Archived

This topic is now archived and is closed to further replies.

Some micro-optimization thing...

This topic is 5148 days old which is more than the 365 day threshold we allow for new replies. Please post a new topic.

If you intended to correct an error in the post then please contact us.

Recommended Posts

Heya, me again. Still working on that VB college project. MSVC automatically converts mutliplications and divisions of the power of 2 to shifts. For instance... SomeVar = OtherVar * 16; ...becomes (sorry, my ASM is rusty but I'm sure you'll get the idea)... MOV eax, (OtherVar) LSL eax, 0x00000004 MOV (SomeVar), eax (Which is OtherVar << 4...) This is quite a good thing as shifts are, last I checked, considerably fast compared to MULs. The fact MSVC automatically changes the more obvious ones for you when compiling is even better. What about VB? I have a couple of rather tight loops that involve multiplications by 16 that, I believe, could be significantly improved by this. Does VB automatically convert obvious multiplications and divisions into shifts when compiling or do they remain MULs? Is there a way to speed up multiplications/divisions of 16 (or any power of 2, for that matter)? Should I just build a lookup table and hope for the best? Thanks I know this sounds a little ridiculous, what with fussing over what looks to be a really small issue, but as I've said, I end up having a good deal of multiplications/divisions by powers of 2 performed everytime the map is rendered and I can see a significant improvement if I were to convert all of these into shifts somehow... I've already looked into the more major optimizations and, on the average PC, it runs at top speed. But the school PCs are a little under-par and I get a slight, not very noticeable but annoying lag. My old man's PC runs it like crap. So I might as well squeeze out every last drop of power I can, I have the time... This isn't due until the end of the semester. [edited by - RuneLancer on November 12, 2003 7:06:47 PM]

Share this post


Link to post
Share on other sites
Probably the time to load, interpret and execute the code with interpreted language is greater than the mult itself...so using shifts instead of mults is always a good practice (during optimization!) but not so important...

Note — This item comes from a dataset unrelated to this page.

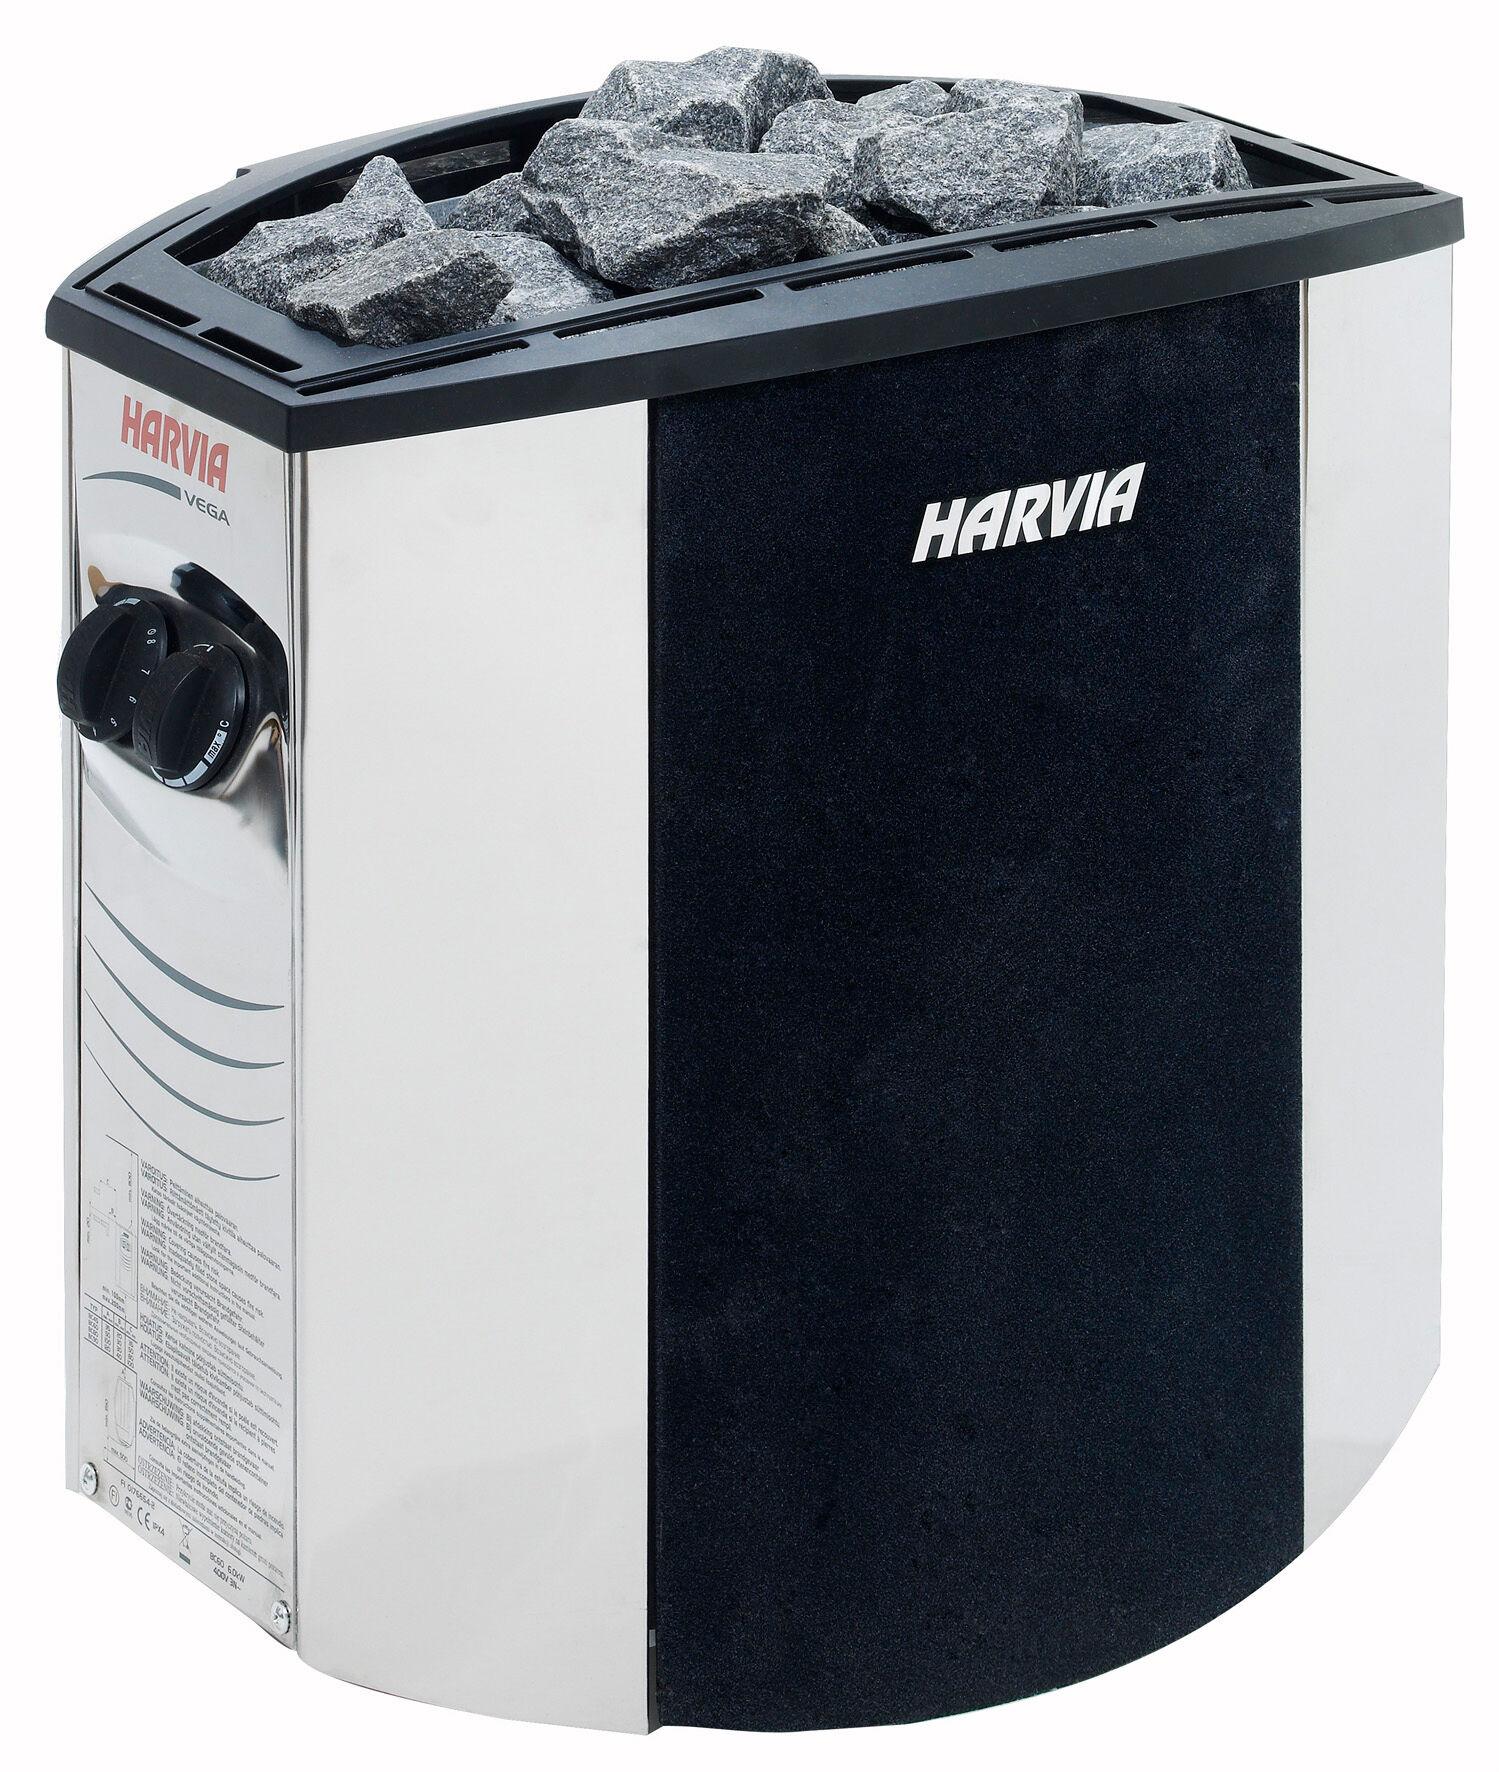 HARVIA Poêle électrique Harvia Vega Lux 8 kW

If you have to multiply little numbers (ie: BYTES) look up tables can be a good solution.

Share this post


Link to post
Share on other sites
IMO: If you''re micro-optimising or even optimising VB code then your overall architecture design has gone wrong somewhere!

If you have some performance critical routine in your program, do that routine in C or C++ (with inline ASM if you''re 100% sure you can beat what the compiler produces). Write the rest of the system in VB.

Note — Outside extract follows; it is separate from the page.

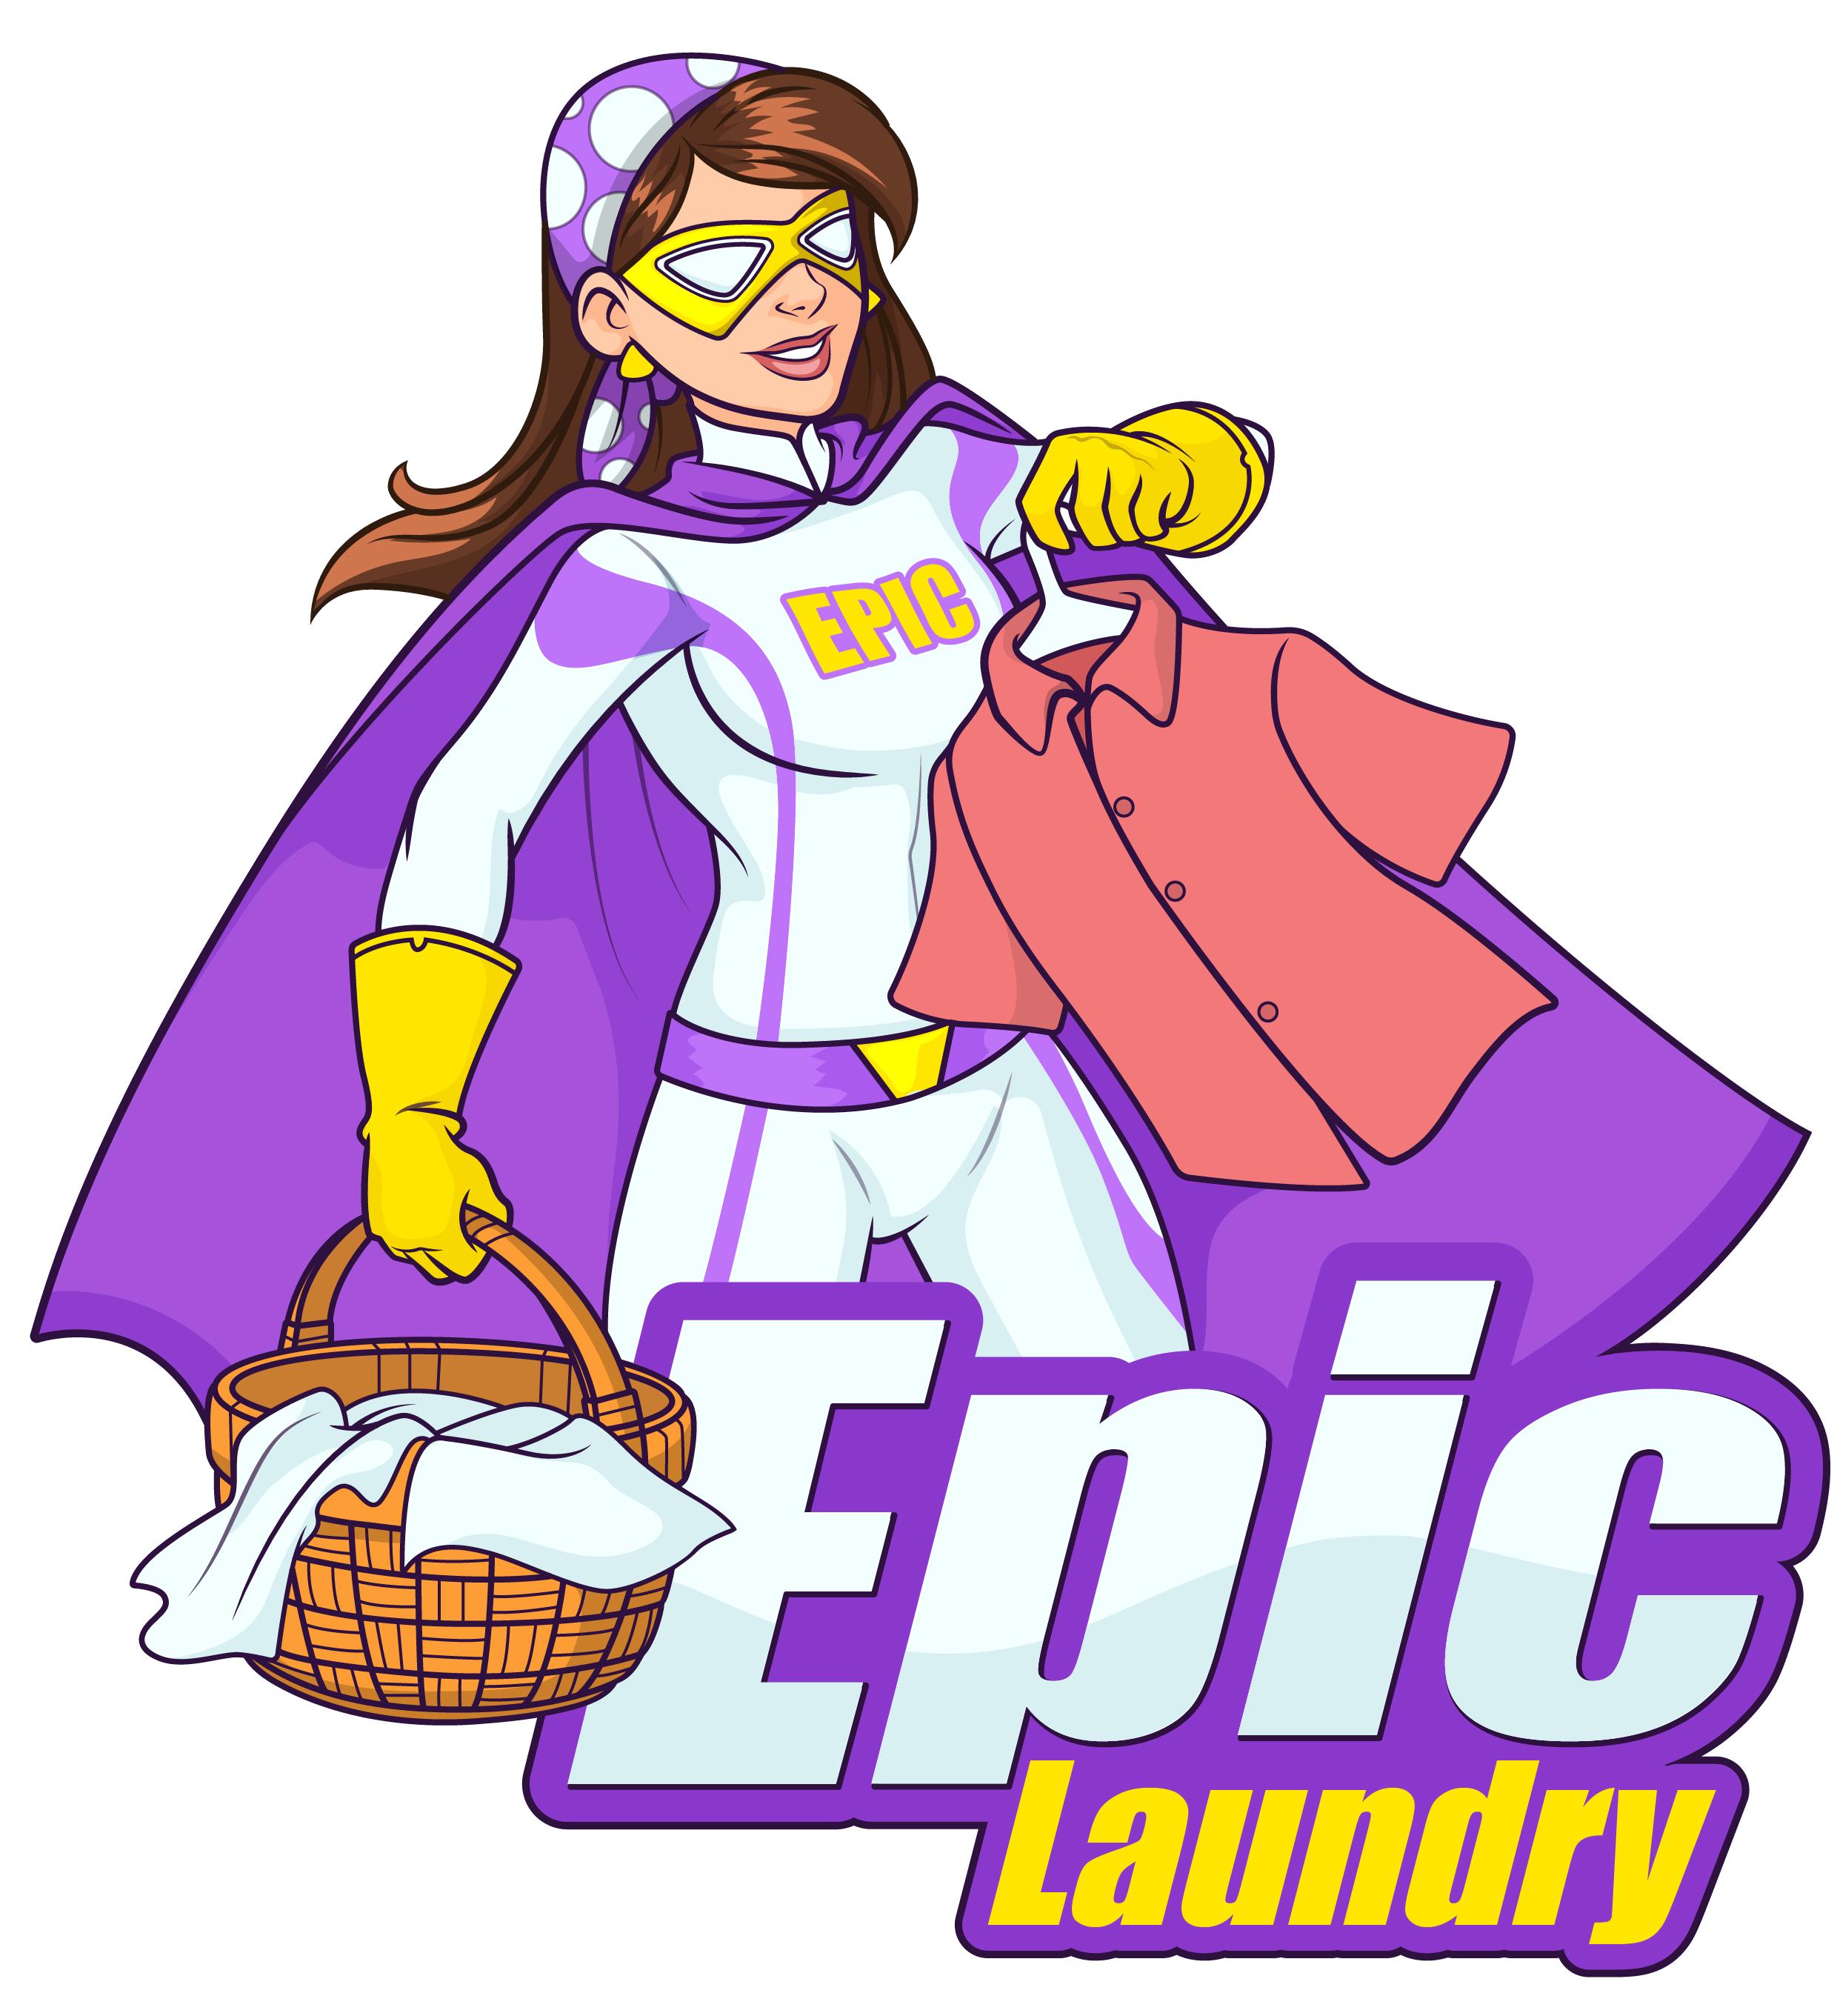 Denver Epic Laundromat

Other than that, I''ve no idea what will be produced in the compiled result (why not try it and check). With VB.NET, the JIT stuff is likely to spot obvious stuff. With compiled VB I''m not sure.

Share this post


Link to post
Share on other sites
So how would I go about using shifts with VB?

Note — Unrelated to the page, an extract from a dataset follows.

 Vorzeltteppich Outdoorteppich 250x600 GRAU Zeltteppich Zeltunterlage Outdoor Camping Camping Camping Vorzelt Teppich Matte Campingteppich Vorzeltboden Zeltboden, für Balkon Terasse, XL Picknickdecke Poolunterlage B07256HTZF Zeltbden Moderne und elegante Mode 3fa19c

I got some very... odd results testing a lookup table. I ran two rather unoptimized loops that did nothing but multiply random numbers for a second and keep track of how many multiplications they made. Both had the exact same code to avoid any ambiguities save for one difference: the first was a clean "* 16". The other was simply a lookup table. At first there was a noticeable increase in speed but after running it a few times...

18459 ... 21702
20640 ... 21848
21111 ... 21843
21656 ... 21816
21265 ... 21825
21669 ... 21796
20719 ... 21791
21793 ... 21816

Strange. :/ Did I overlook something (caching, maybe?) or is my PC just evolving into a greater lifeform?

Share this post


Link to post
Share on other sites
quote:
Original post by S1CA
If you have some performance critical routine in your program, do that routine in C or C++ (with inline ASM if you''re 100% sure you can beat what the compiler produces). Write the rest of the system in VB.


Sadly, the problem is that I can''t use C/C++ or any other API than the "built-in" Windows ones. That means I have to stick to the GDI instead of DirectX, for instance. Which hurts a lot since I''m making an RPG (tile-based, but an RPG nevertheless ).

So since all of my code has to be "pure" VB with some Win32 API calls, I''m kinda stuck. If I''ve already optimized something to the best of my abilities, micro-optimization (where it counts, such as very tight loops called repeatedly; the case here) is the last thing I can do.

What sucks is that I''ll probably rewrite the game in C++ with DirectX once I''ll have handed in my project (I like where I''m going with this ) and it''ll be leagues easier (and faster!) than now. At least I''ve learned quite a number of interesting optimizations for VB (who''d have thought mid and mid$ were actually different; I, for one, didn''t know the $ served a purpose )

Share this post


Link to post
Share on other sites
To shift a number in VB6 you use *.
To combine flags, you use +.

There are modules for VB to use DirectX.
It's not much different than using Win32 API calls.

IIRC, VB used to be compiled to p-code, and an exe consist of the execution engine and the p-code wad. Maybe they actually made a compiler for VB6...

[edited by - Magmai Kai Holmlor on November 12, 2003 9:32:00 PM]

Share this post


Link to post
Share on other sites
Actually, * multiples, it doesn''t shift. The effect is the same but unless VB optimizes it once compiled, it results in a MUL instead of a LSL (which is something like 50 cycles instead of 4-5 at best; at least on a 586 architecture, dunno how newer processors perform but I''d guess it''s a bit faster). A bit of google-work revealed that .NET DOES have a bit-shift operator ( << and >> ) but we''re stuck using 6. So that''s irrelevant.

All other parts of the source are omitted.